In this embodiment, the input of the network may be an RGB image or an RGB image and an optical flow graph, if the requirement for accuracy is high, the RGB image and the optical flow graph data may be used as input at the same time, and if the requirement for speed of real-time motion recognition is high, only the RGB image may be selected as input.
According to the scheme, the RGB video frames and the optical flow graph are used as input, the characteristics of the RGB video frames and the optical flow graph are fused to perform human body action recognition, data such as human bones do not need to be additionally extracted, and the calculated amount is reduced.

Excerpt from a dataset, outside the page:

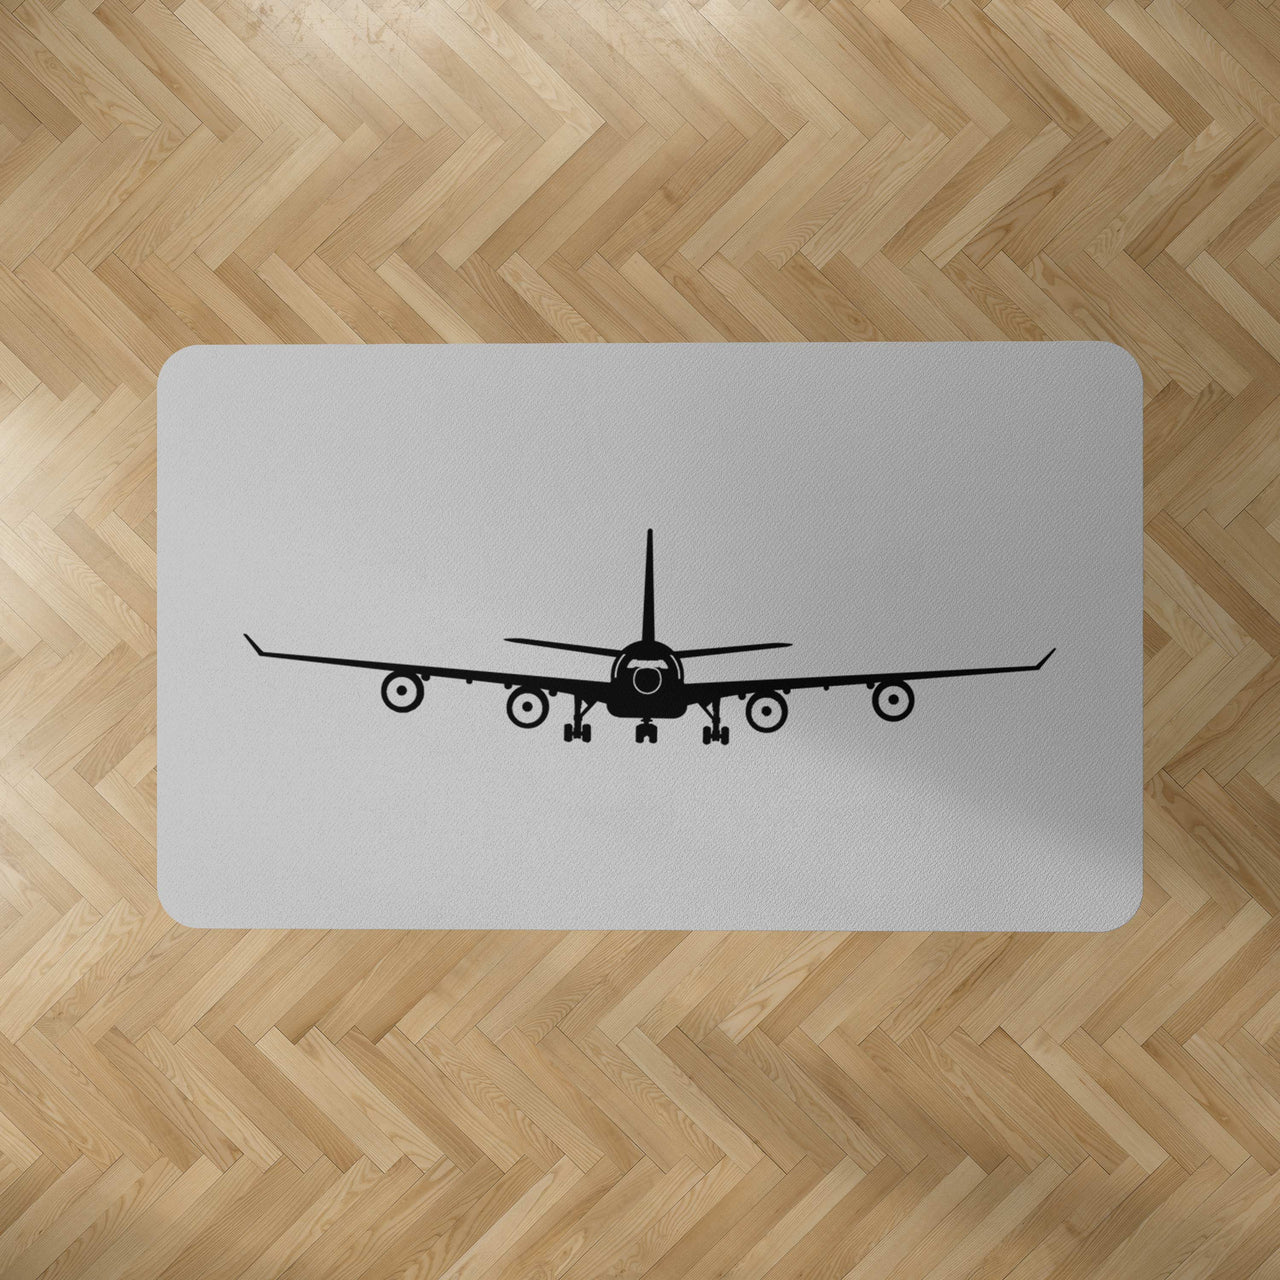 Airbus A340 Silhouette Designed Carpet & Floor Mats
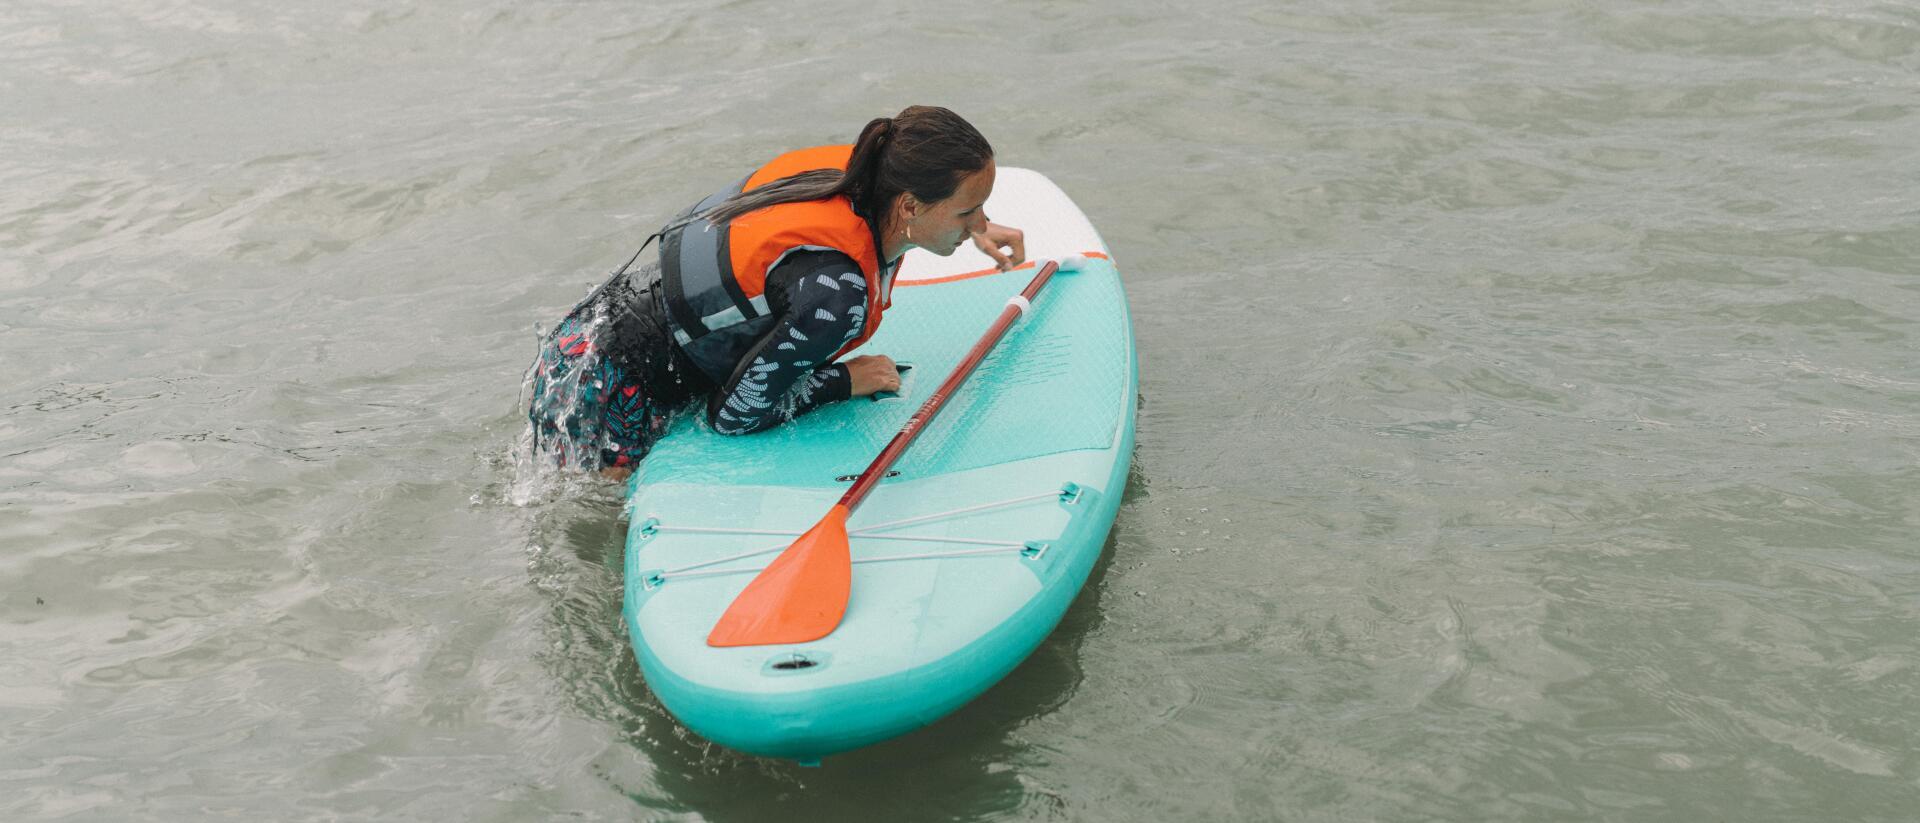 Comment se mettre debout sur un paddle ?

Fig. 2 is a schematic diagram of a network structure of the mixed-dimension convolutional neural network provided in this embodiment; as shown in fig. 2, a three-dimensional convolution network in a mixed-dimension convolution neural network is used as a residual connecting part of a two-dimensional convolution network, and the two-dimensional convolution network and the three-dimensional convolution network are combined in a manner that:
[B*S,C,H,W]→[B,C,S,H,W]
where B denotes the batch size, S denotes the number of input images, and C, H, and W denote the number of channels, and the height and width of the feature map, respectively.
In a specific example, the two-dimensional convolutional network uses a BN-initiation network as a basic network, the three-dimensional convolutional network uses a 3DRESNet18 network as a basic network, and the three-dimensional convolutional network is used as a residual connecting part of the two-dimensional convolutional network, so that the mixed-dimension convolutional neural network uses two layers of residual connections in width to form a wide residual network structure; and due to short connections, the residual error network effectively avoids the degradation problem. The residual network structure of the mixed dimension convolution neural network is represented by the following formula:
F(x)=H(x)-x
where f (x) represents the residual of the network, h (x) is the prediction value, and x represents the input of the layer convolution.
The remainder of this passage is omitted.